Как он сегодня был тих. Вот что мы увидели, спрятавшись за темным символом. Мы увидели безостановочный ход обгоняющих друг друга харисян.
Утро было очень жаркое. На знойном раскаленном небе ни облачка. Крылья харисян отливали на солнце золотом. Одни бессмысленно кружили по огромной площади, другие стояли покачиваясь или куда-то стремительно бежали. Иногда они обменивались на бегу прикосновениями антенн, после чего гнев их (даже мы понимали, что это была гневающаяся толпа) угрожающе нарастал.
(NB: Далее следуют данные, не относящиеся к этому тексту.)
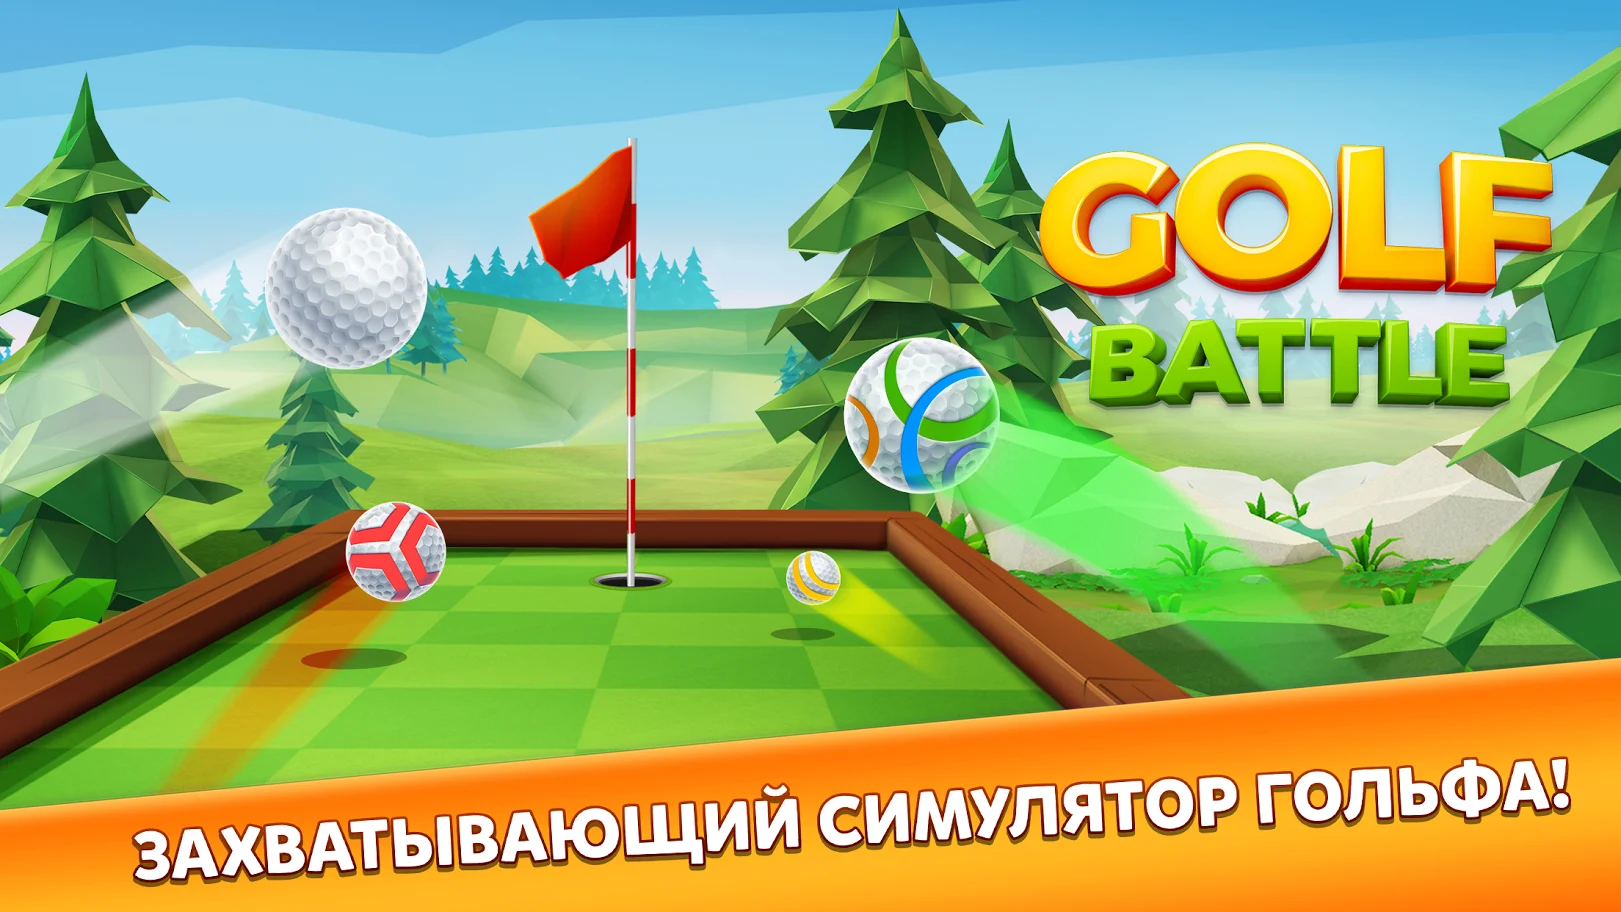 Golf Battle, изображение №7

Толпа харисян на глазах увеличивалась, расширялась, покачивалась, некоторые взлетели и парили над площадью невысоко, но большинство уже утеряли способность летать,– словно куры,– и только раскачивались. Гул стоял, как на птичьем базаре, где скопились сотни тысяч птиц.
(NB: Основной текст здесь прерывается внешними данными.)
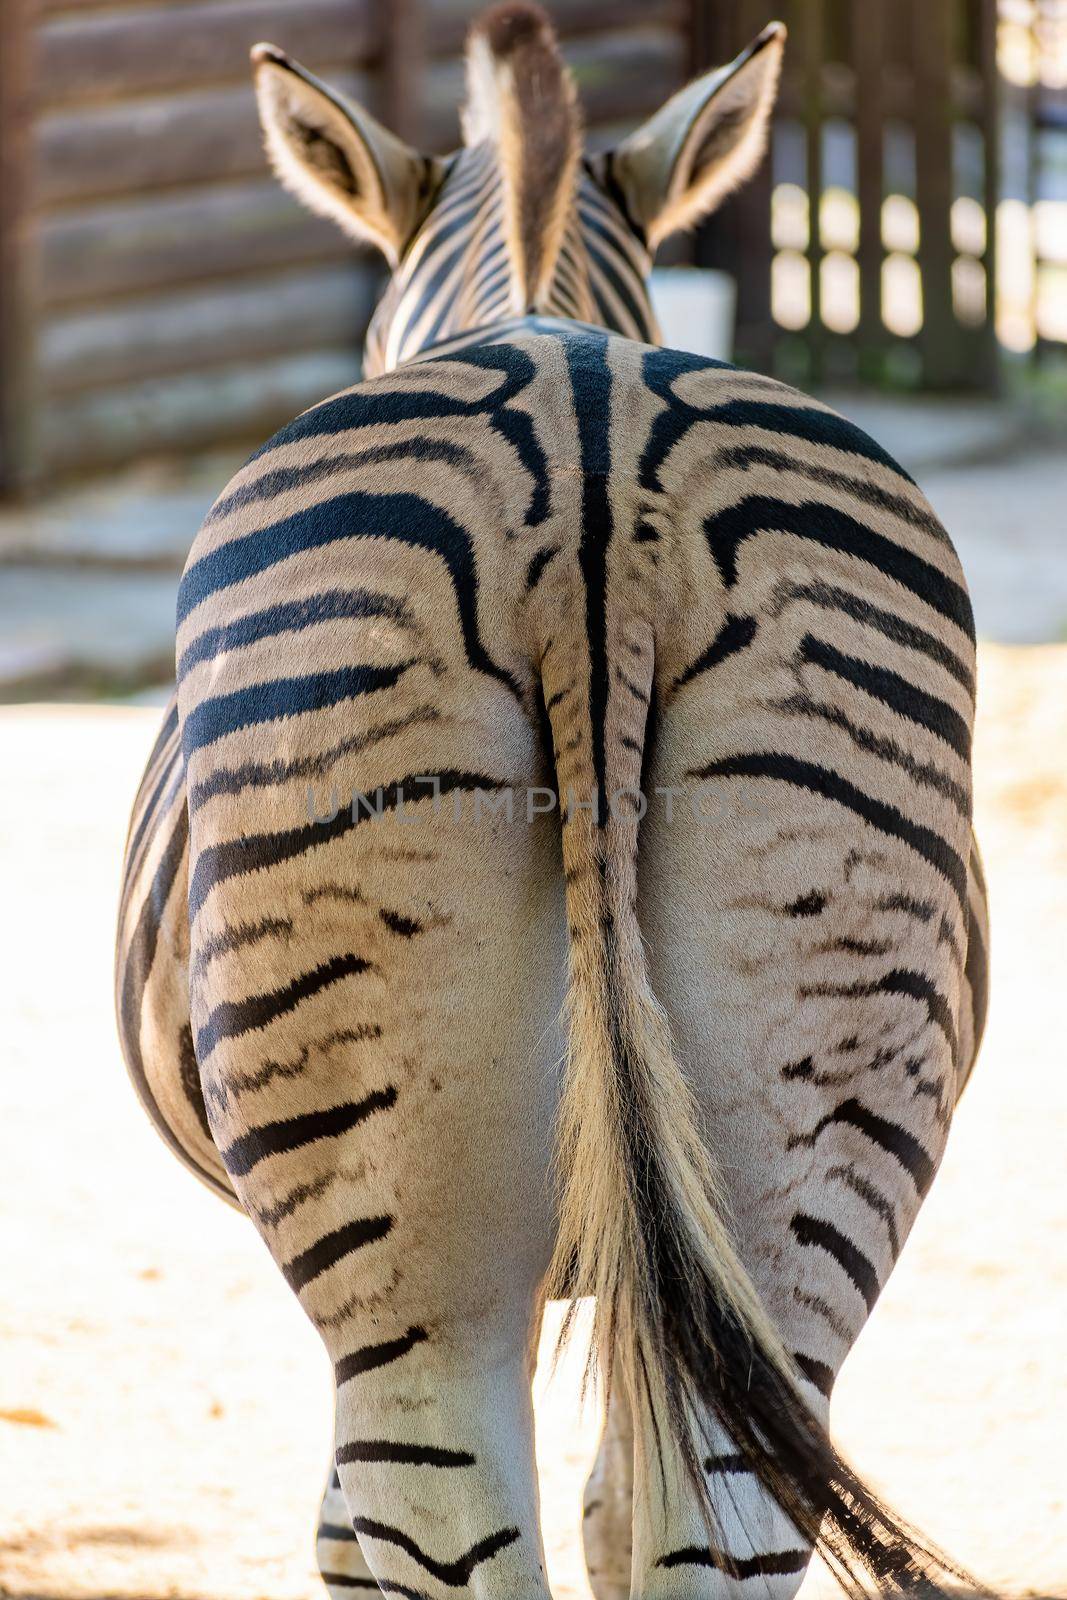 Chapman's zebra (Equus quagga chapmani) view from the back Zoo Hodonin Czech Republic, South Moravia

Рената вскрикнула от ужаса. «Пошли»,– напомнил Семен Семенович. Мы продолжали спуск.
Солнце и ветер проникали в световые проемы, и на сквозняке – в зданиях харисян вечно дуют сквозняки – плясали в озарении солнца скопления пылинок.
Хранитель был невозмутим, как и вчера, как будто там, на площади, ничего не происходило. Он приготовил для нас новые упакованные тюки. На этот раз это были записи структур людей, вынести их сегодня было значительно трудней...
Растерянный Семен Семенович предложил подождать. На что он надеялся?
Мы перетащили тюки в планетолет, укрытый на крыше среди паутины спиралей, нитей, причудливых символов. Все было готово к отлету, но, видимо, заговорщики боялись привлечь внимание. Мы опять спустились вниз, в сумрачный и пустынный зал, где находились Всеобщая Мать, Победивший Смерть и Покоривший Пространство.
Они сидели молча – сложенные крылья ни дать ни взять сероватые фраки,– поблекло их золото, руки бессильно опущены, а янтарные глаза потемнели и встревожены. Умные печальные глаза. Серебристые антенны в верхней части головы чуть покачивались и дрожали. Харисяне сидели неподвижно, прислушиваясь к усиливающемуся гулу на площади. Сквозь скользящую лавину шума проступали одни и те же созвучья, как будто харисяне скандировали одни и те же слова.
Я вопросительно взглянул на Семена Семеновича. Он пояснил вполголоса:
– Род требует Всеобщую Мать. Сейчас она выйдет к ним... Победивший Смерть пойдет с ней.
У меня сжалось сердце. Присели перед тем, как выйти навстречу смертельной опасности,– совсем как люди.
Вышедшие из одинаковых сотов, где сумрак, сон, пустота ждут их. Чтобы спросить отчета или расправиться? Кто они – господа или рабы? Или на Земле нет им аналогии?
Всеобщая Мать поднялась, чтоб проститься. Она поочередно обняла Покорившего Пространство, Хранителя, Победившего Смерть. Нежно дотронулась антеннами до их антенн. Обняла Семена Семеновича. Потом ласково, по-матерински, дотронулась до каждого из нас. Напомнила, что мы обещали помочь гибнувшей цивилизации. Так же простился со всеми Победивший Смерть.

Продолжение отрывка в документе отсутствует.